On Turning 23, My First Job (and Lapses of Insanity)
I guess, you could say, as a child I was wildly ambitious. I wanted to be an astronaut and a spy, and a doctor and soldier all at the same time—but who as a child wasn't so naive and carefree?
In my head, by the time I hit 23, I would have it all figured out. A life map laid out in front of me and I all I had to do was not screw up and everything would fall into place.
I was wrong. At 23, I now know only one thing: I have walked into a cliche and am as lost as ever.
All I knew (for a while) was that I was tired more often than not. I stopped waking up in time for work. I didn't finish the poetry that I started to write (despite how promising they seemed). I've left three stories hanging in my head; three film plots, one potential play. I couldn't seem to find it in myself to have the energy to do the things that I loved; the most surprising of all of this was that I couldn't write. The only things I did finish were the books I drowned myself in. That, to be honest, was my saving grace. Without these books, I think I could've gone crazy.
Whatever it was, this shadow that came over me, it started to manifest in a lot of ways, bleeding through the cracks that seemed to hold me together, seeping into my relationships, my work, my personal life. This resulted in: a lack of enthusiasm in almost everything: work, the projects I was doing with friends, my writing; a constant need to be away; my lack of energy to be around other people; a detachment from even my best of friends; short-temperedness directed at the littlest of things; and an apparent unhappiness (the kind so tangible, you can feel it).
It had gotten so bad, that I spent the morning of my birthday crying over an anxiety I couldn't place.
I knew something was wrong. I just couldn't figure out what, much worse how to fix it.
A Rude Awakening
I spent the eve of my birthday trying to beat a deadline at the office and leaving at around 11:50 pm, 10 minutes before turning 23, telling my Art Director that I did not want to spend my birthday there.
I realized then and there, that I was done. That right there was the root of all my unhappiness. This was not how I wanted to live my life.
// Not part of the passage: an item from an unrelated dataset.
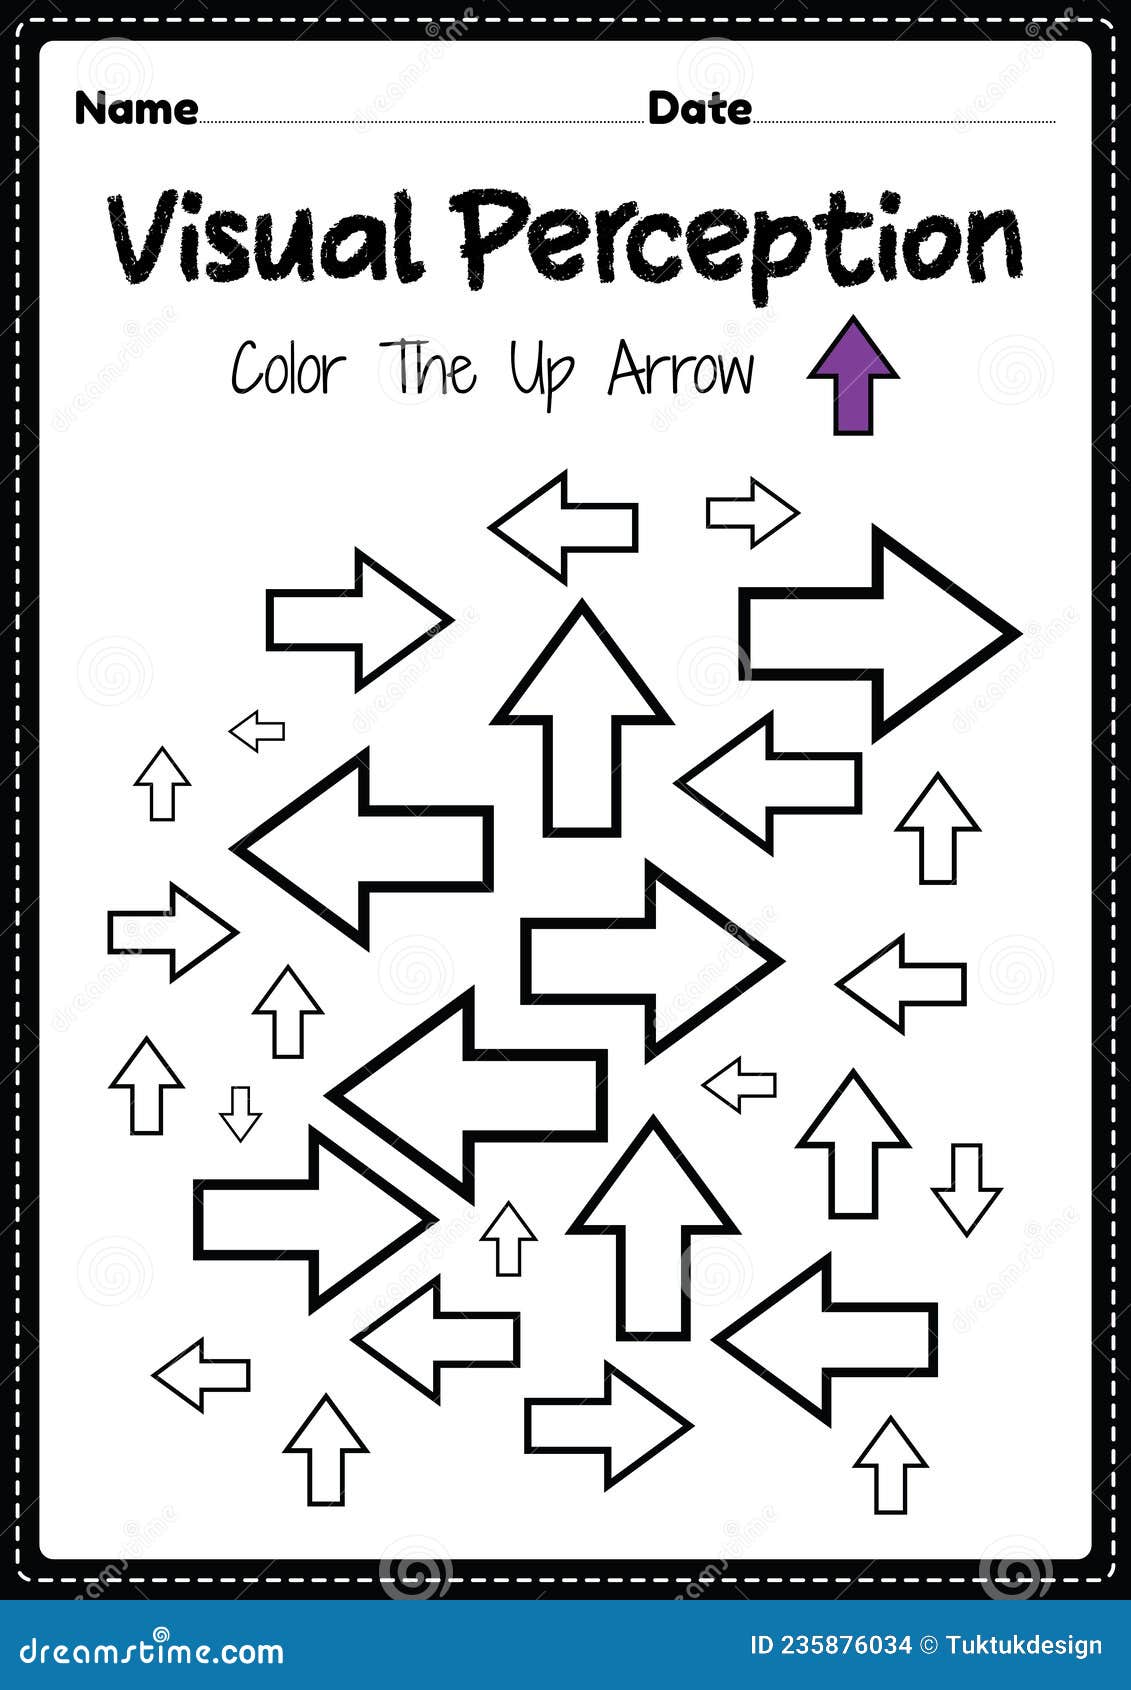 visual-perception-worksheet-skills-activity-of-occupation-therapy-arrow-recognition-for

In an office that I was no longer happy working for, doing a job I felt was not contributing to society (in any way), for people whose philosophies were so different from mine.
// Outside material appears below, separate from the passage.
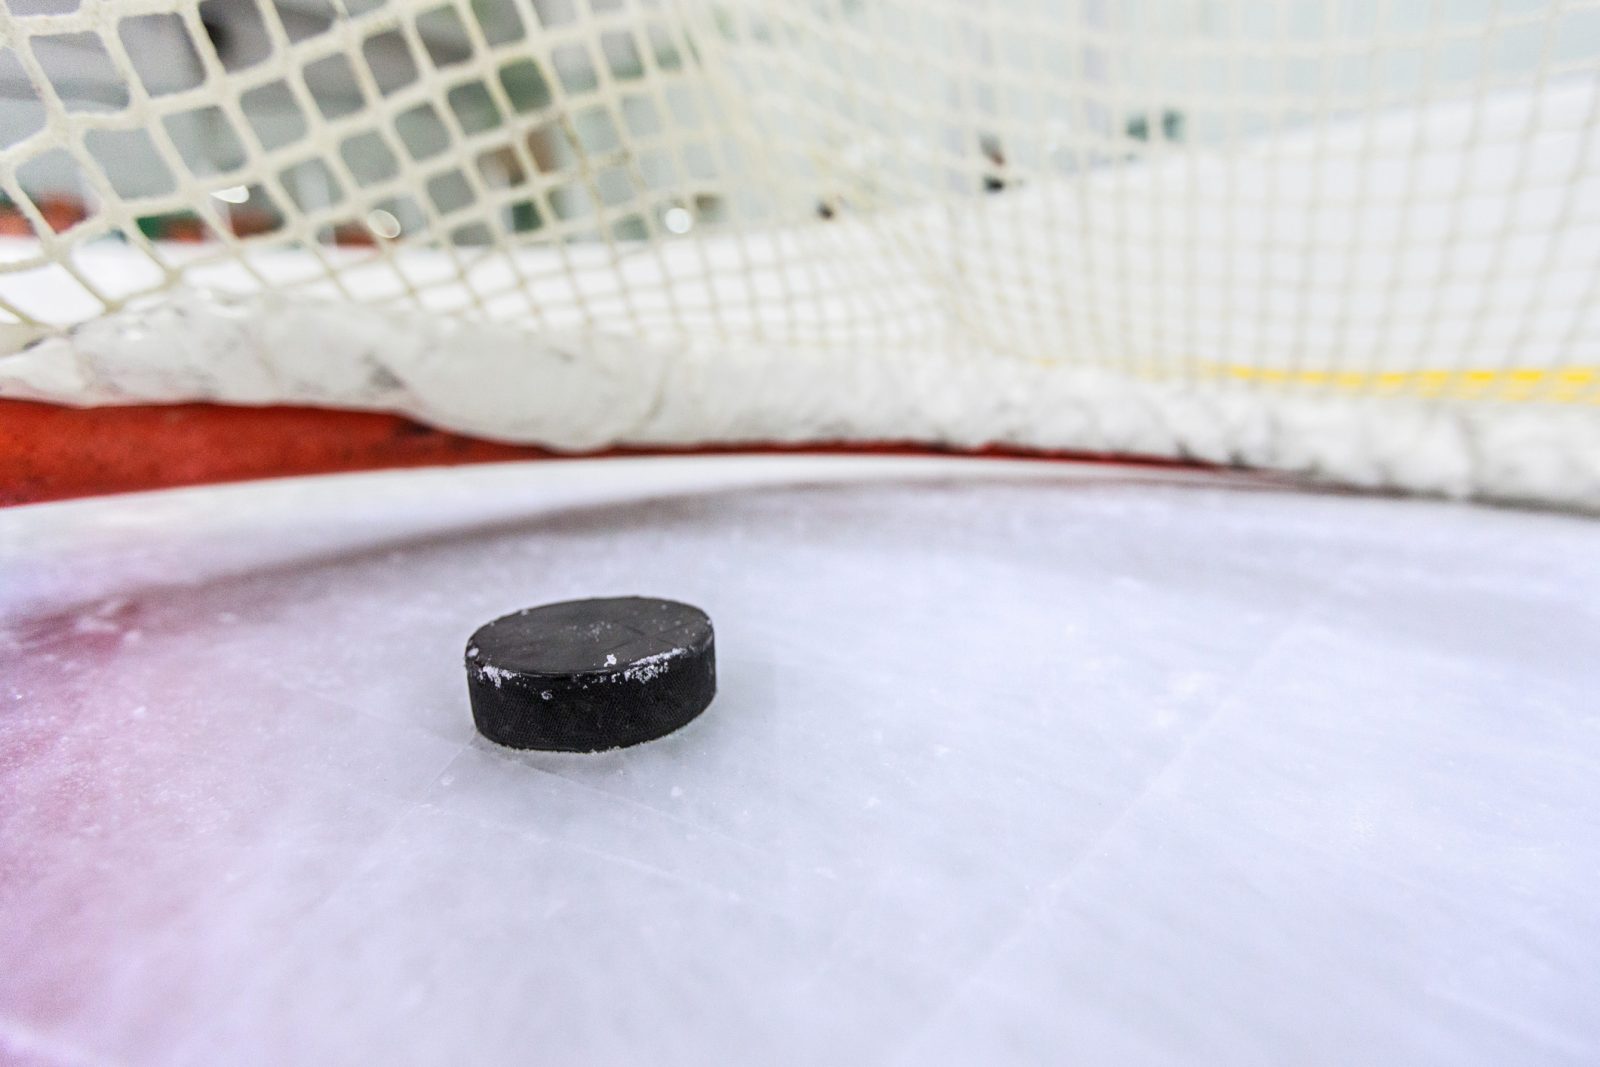 Hockey net with puck in goal.

I wanted to make a difference, I've known this for so long. But I knew that it wasn't going to happen inside the walls of my office (in a place I could not even call home).
I got home, June 9, midnight. Turned 23 in the car. And then decided to spend the rest of the day at an Art Museum with my family, away from everything.
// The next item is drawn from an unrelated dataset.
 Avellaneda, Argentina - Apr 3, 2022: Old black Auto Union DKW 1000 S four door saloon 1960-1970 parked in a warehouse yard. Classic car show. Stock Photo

This is one of the biggest decisions I've made; a complete change in my career. I'm leaving my stable job in publishing, to delve into development and film production (with the hopes that one day I can get to produce my own Documentary Series about the advocacies i feel strongly about). I would be lying if I didn't say that I am currently shit scared and constantly worrying about money (especially because I promised to help send my sister to Italy for her birthday, and am considering adopting a new dog soon); and my future.
But if anything at all, I feel hopeful. I feel like since I've made the decision to pursue development and production, things have started falling into place.
Yesterday, I met with one of the founders of Works of Heart, and I've signed on to be one of their writers. Tomorrow, the producers of Stages of Love 2015 are semi-announcing something big. And on Wednesday, I have a meeting with a potential client for Arete Productions (the production company Tony and I put together in college).
I know for a fact that all my decisions starting now have to be calculated, and that it's going to be tough. It's going to be hell. But I feel hopeful. More hopeful than I have in a long time. I just hope that with this decision, I will feel as at ease with myself, the way I did when I spent my 23rd birthday in the arms of an art gallery with the people I love.